Research has shown that scar formation is significantly reduced if the wound heals quickly. A burn wound that takes 21 days or more to heal has a greater than 70% risk of developing a significant scar, compared to a burn wound that heals in less than 10 days, which has only a 4% risk of developing a hypertrophic scar. Hence it is imperative to treat burns as soon as possible in order to reduce scarring and improve the patient's ability to move and function in society.
The development of skin cell transplant technology began in 1990, when Dr Wood was treating patients for serious burn injuries. Treating large burn injuries traditionally involves applying cultured skin in the form of sheets to the wound. The skin sheets are grown from skin cells obtained from the patient but usually take 14-21 days to produce. Dr Wood discovered that scarring could decrease if the wound could be treated within 10 days. She found that although skin sheets produced in 10 days often had holes in them, these areas healed faster than those treated with confluent sheets, and with less obvious scarring, because the cells had not achieved total confluence. And thus, a new technique was born.

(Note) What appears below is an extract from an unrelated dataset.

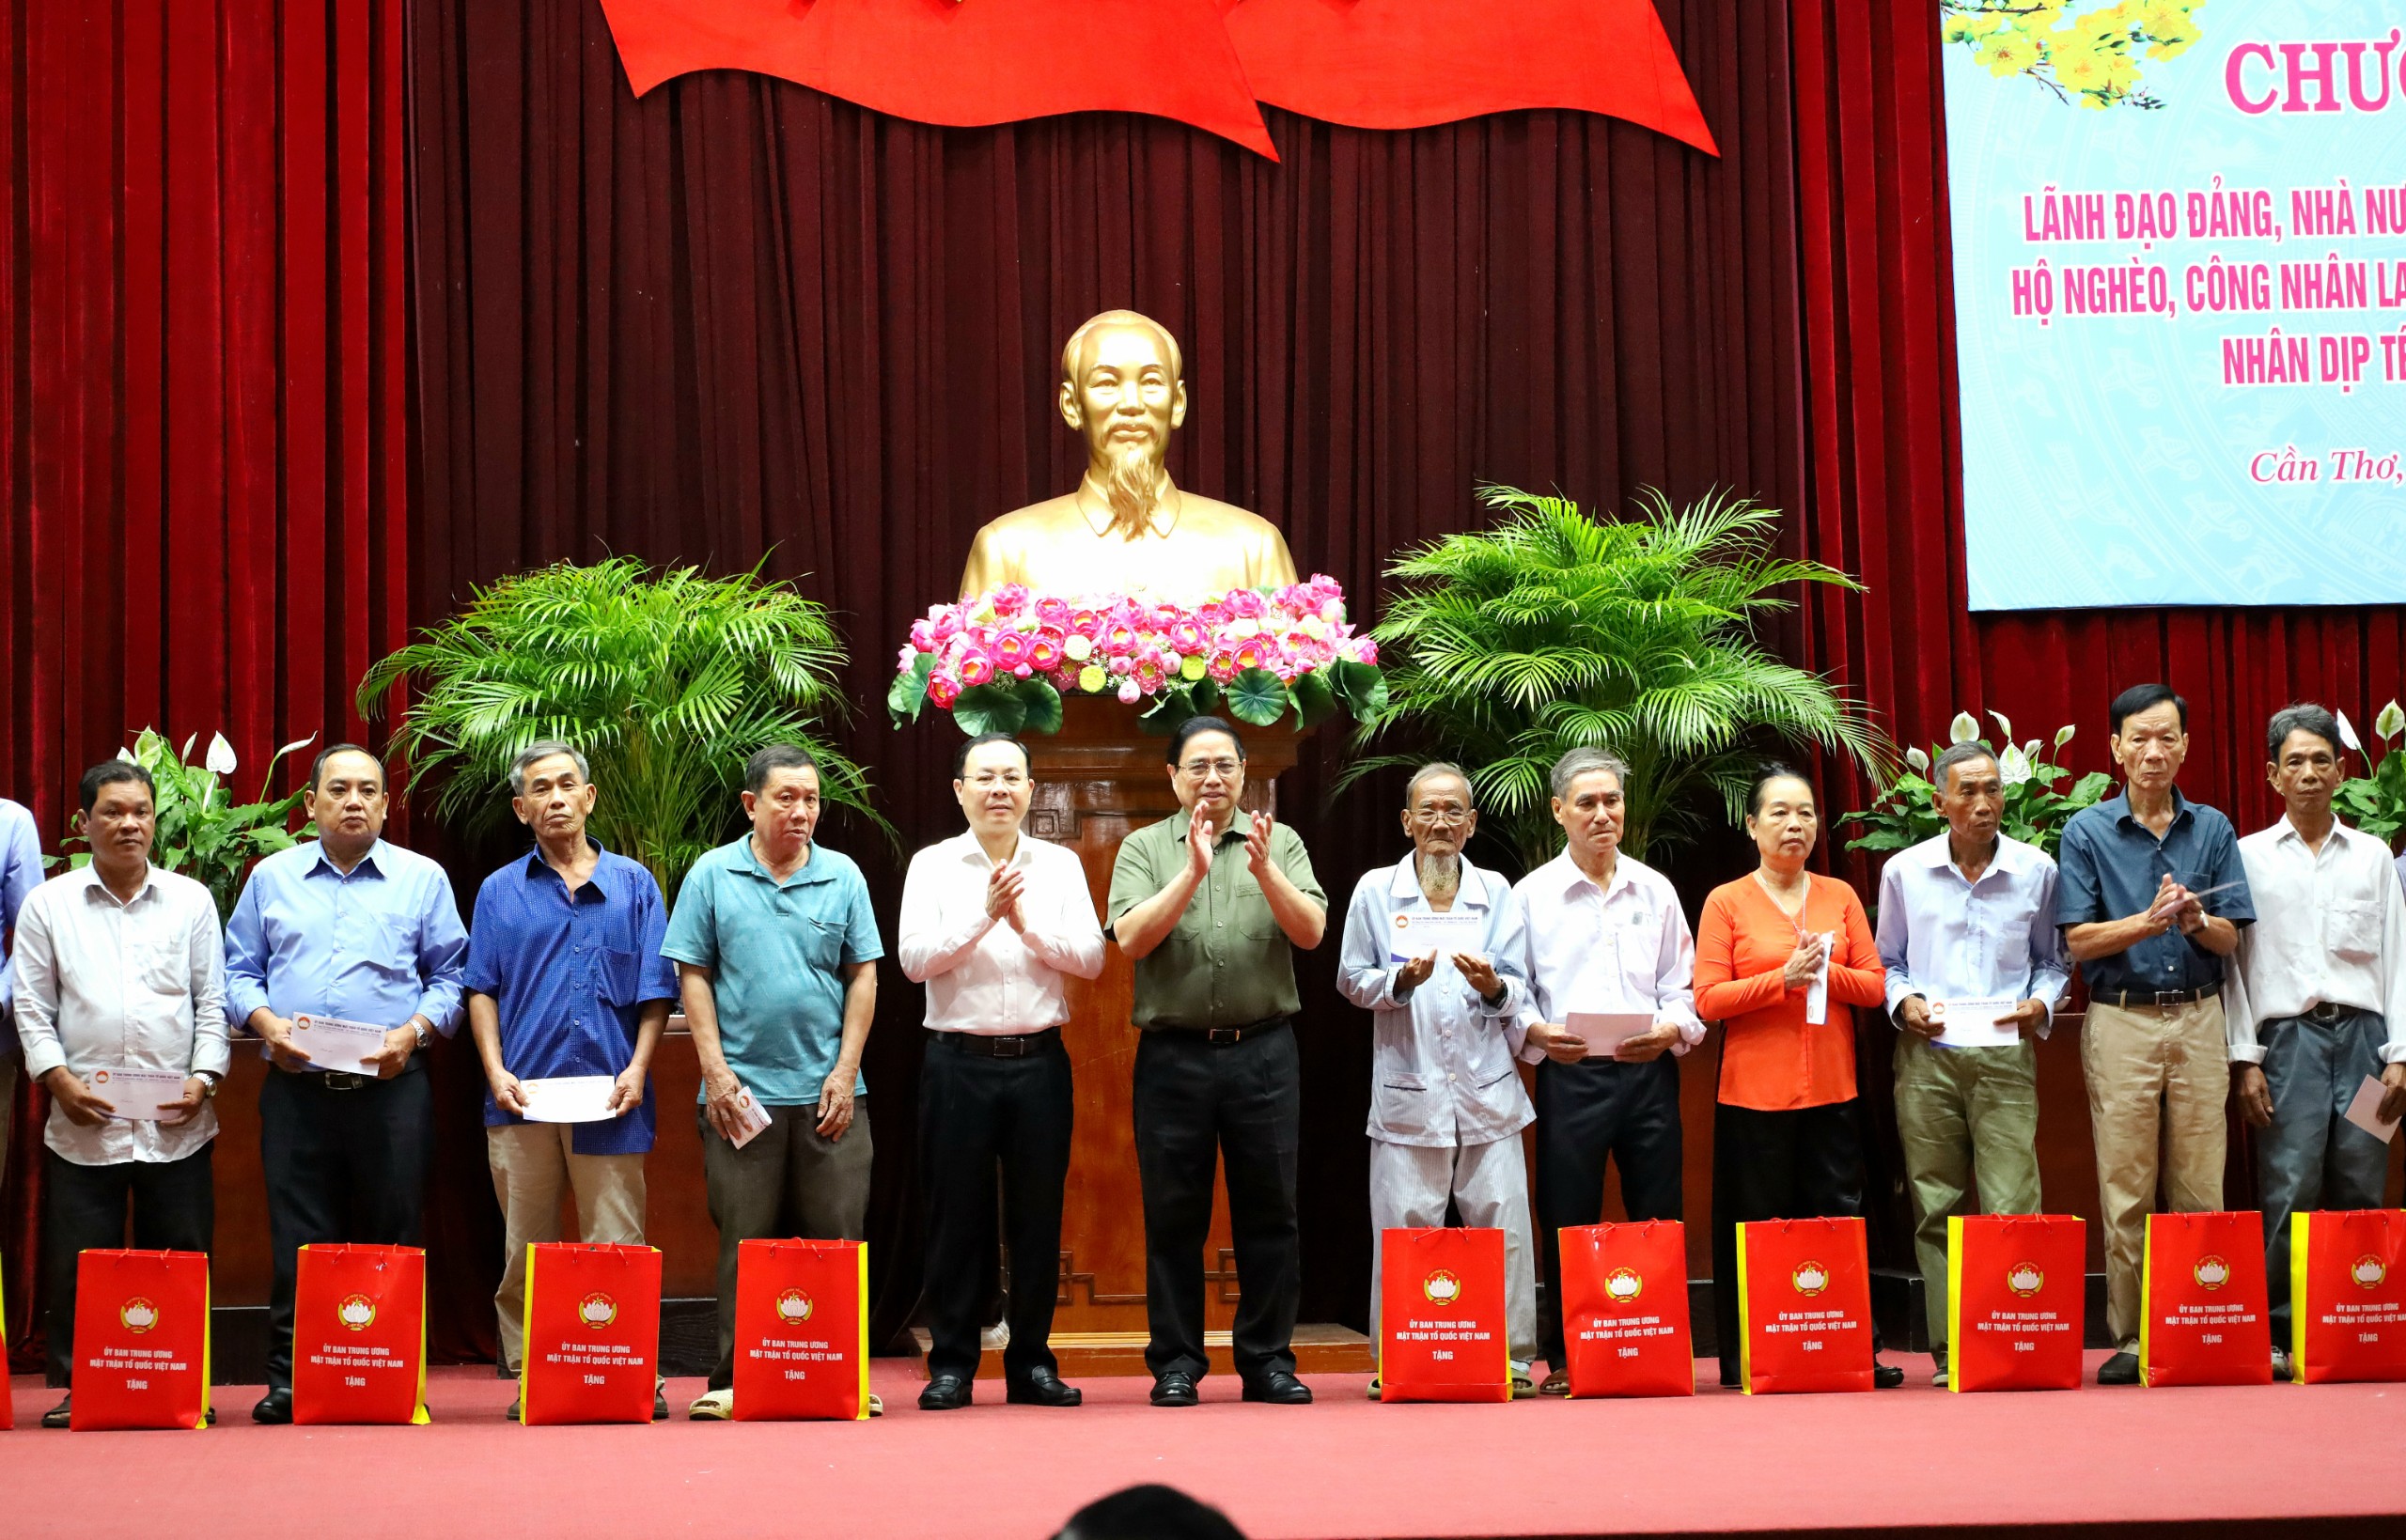 Thủ tướng Chính phủ Phạm Minh Chính và ông Nguyễn Văn Hiếu - Ủy viên dự khuyết BCH Trung ương Đảng, Bí thư Thành ủy Cần Thơ tặng quà cho người dân.

The next step was to apply pre-confluent cells in a suspension even as early as five days before they formed a sheet, with the 'spray on' technique optimal. In this technique cells are harvested from the epidermis of a patient, and expanded in culture. They can be grown into a concentrated single cell suspension or a confluent cell sheet for application to the patient's wound. The healthy, living cells are cultured in a highly specialised laboratory by natural division processes, and then transplanted into the patient. As the original cells are taken from the actual patient instead of a donor (autologous cell culture), the body accepts these cells as its own, the tissue continues growing, and the healing process is optimised. The burn acts as an ideal culture medium, and sprayed on pre-confluent cells grow more quickly on the patient than in the laboratory. The advantage is that wounds or burns heal rapidly and leave less scarring if a skin graft is applied soon after an injury.
The CellSpray is another innovation that improves treatment for larger wounds. Also known as 'Spray on Skin,' the process involves using an aerosol delivery system to apply cultured skin cell suspensions evenly to larger and more massive wounds or burns.

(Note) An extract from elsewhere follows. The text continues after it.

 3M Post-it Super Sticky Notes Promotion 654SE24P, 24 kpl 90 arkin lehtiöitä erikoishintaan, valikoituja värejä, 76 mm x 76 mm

Commercialisation of these techniques and technology is handled by the Australian commercial biotechnology company, Clinical Cell Culture or 'C3.' The C3 laboratory now cultures small biopsies into bigger volumes of skin cell suspensions in as few as five days, and this service is used by surgeons in Sydney, Auckland and Birmingham, UK. Cells can be delivered via aircraft and ready for use the next day in many cases. Royalties from licensing will be ploughed back into a research fund, called the McComb Foundation.

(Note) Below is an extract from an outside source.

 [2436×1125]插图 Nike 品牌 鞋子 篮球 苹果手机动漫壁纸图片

The intellectual property is protected by a combination of trade secrets and trademark processes, where employee confidentiality is paramount, and knowledge about C3's culturing processes is limited. The company has now reached an exciting stage with new products being rolled out and training of medical staff in other hospitals being undertaken. Recently, training has been completed for the Royal Hobart and Royal Brisbane Hospitals. ReCell is the latest innovation developed by C3, and having received WA Government funding support, will hopefully be on the market by the end of next year. It will come in a kit that will enable surgeons to harvest skin cells in theatre to allow them to treat small wounds in one operation. Cells are harvested from a small biopsy on a petri plate within 30 minutes. ReCell also allows pigment cells to be harvested, so it can be used in the treatment of small areas of pigment loss, like the size of two hands or a face.